The 100ms Rule of Latency (Part 1).
Introduction.
I’ve had a fascination with time since I read Carlo Rovelli’s The Order of Time. This is an incredible book on the nature of time itself and how time is an illusion. The book, I believe, was written in Italian and then translated into English, as it is beautifully written.
Here’s an example:
We can think of the world as made up of things. Of substances. Of entities. Of something that is. Or we can think of it as made up of events. Of happenings. Of processes. Of something that occurs. Something that does not last, and that undergoes continual transformation, that is not permanent in time.
In this book, Rovelli explains his concept of relational time or “temporal becoming” which is different than the traditional concept of linear time. He suggests that we can look at our experience of time in terms of relationships between events rather than a sequence of separate moments in a line.
This idea has profoundly affected my thinking about time and how it impacts our lives.
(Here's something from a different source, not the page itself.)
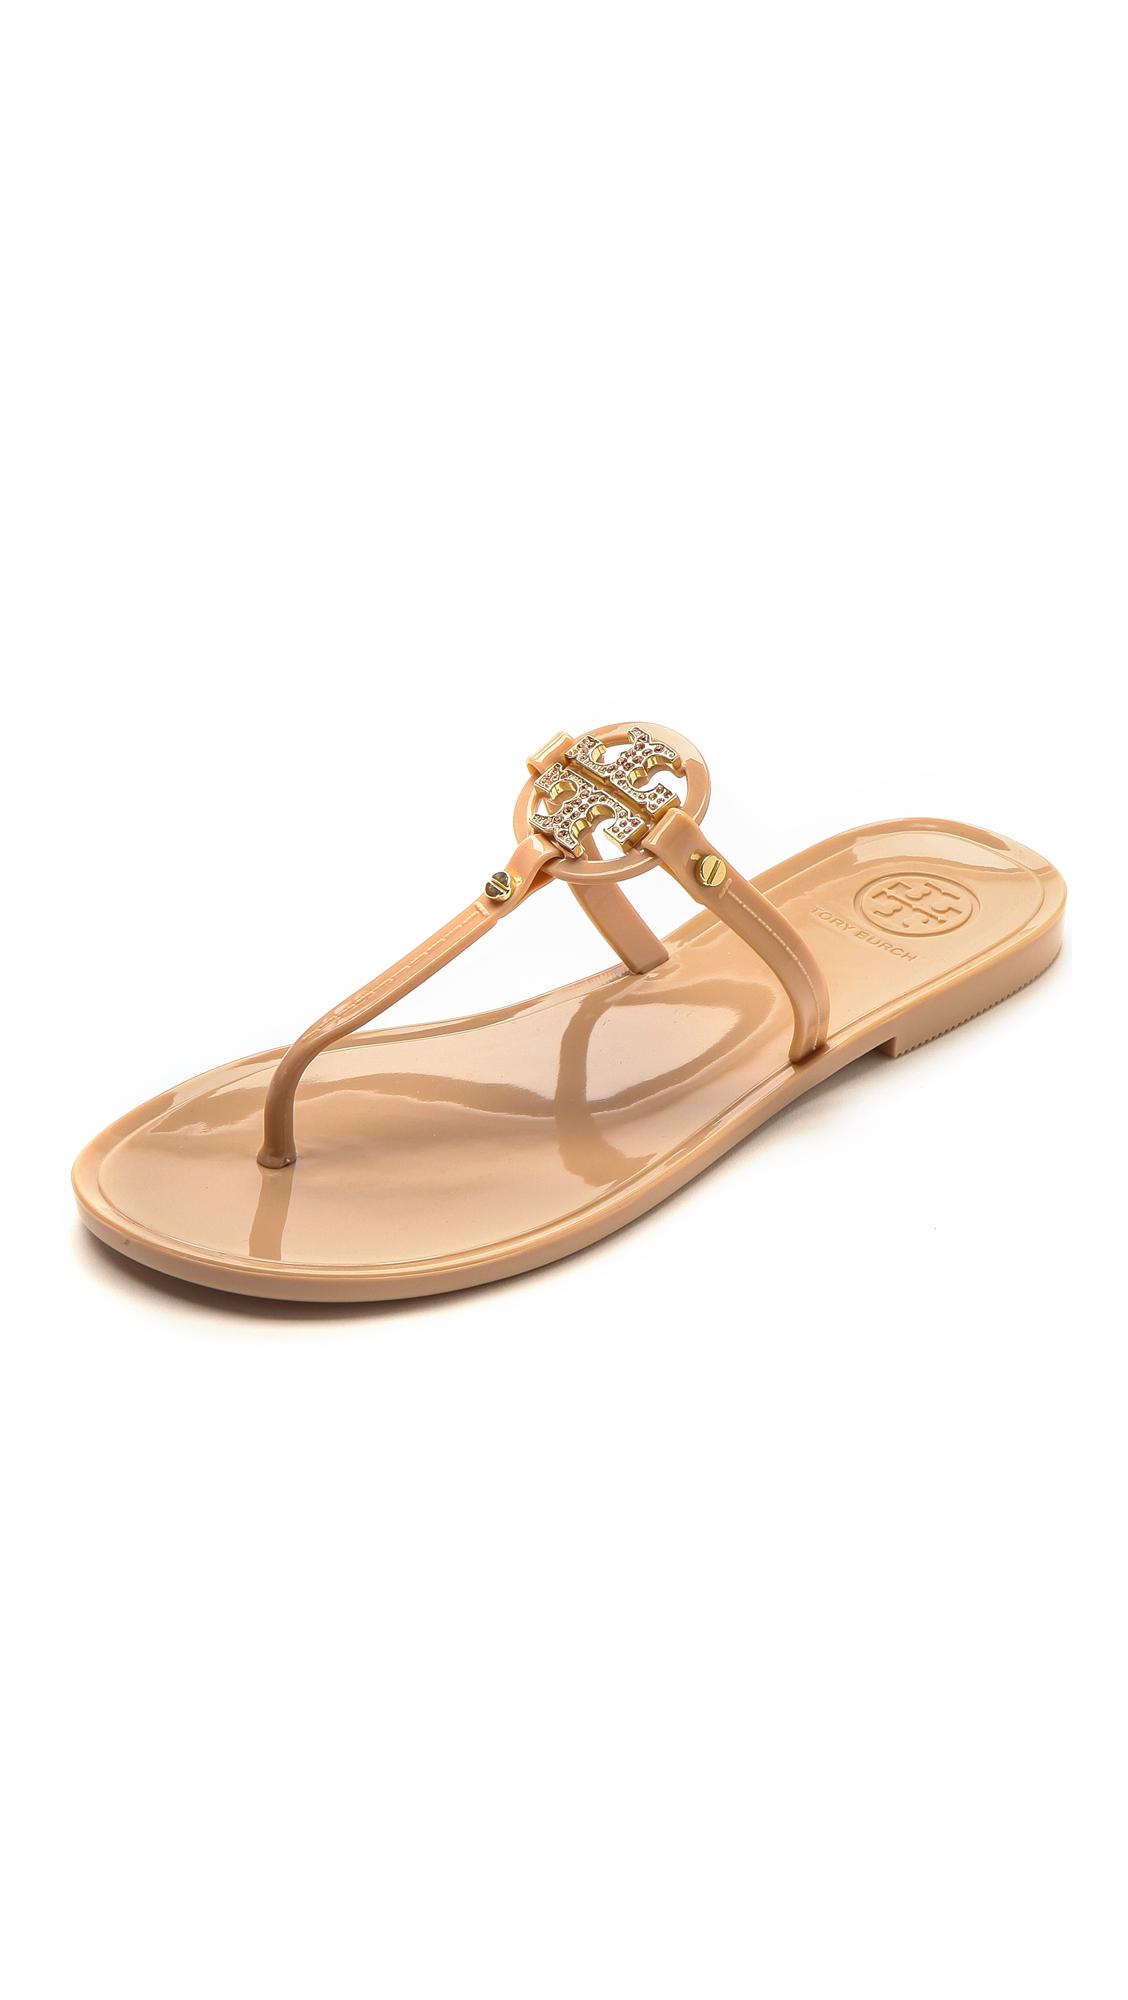 ea09ca956dd516 ... promo code lyst tory burch mini miller flat thong sandals blush in pink  a3702 343ed

It has also changed the way I view time management and productivity.
Time is a limited commodity, but its importance lies in what we choose to do with it. We have control over how we spend our time, but often don’t take full advantage of this power. We often let time slip away without making the most of it.
By viewing time as relational, we can begin to think about how our activities are interconnected and affect each other. We can look at the big picture and focus on what is truly important. This way of looking at time can help us use our limited resources more effectively, allowing us to accomplish more with less time.
We can also use this concept of relational time to help us think about our future. By understanding the interconnectedness of events, we can better plan for the future and make smarter decisions that will positively affect our lives.
I have also had a fascination with time travel, and I’ve previously written about the experiences of a time traveller.
Today, I am also writing about time, but a much more specific type of time — the time required to achieve things within digital interfaces.
This specific interest has come about due to running Blue, my B2B SaaS company. The platform used to be very fast in the early days, and as more and more organizations have started using it, is has slowed down. So, I wanted to study what are the correct benchmarks for speed and also how I may be able to speed up Blue for users throughout the world.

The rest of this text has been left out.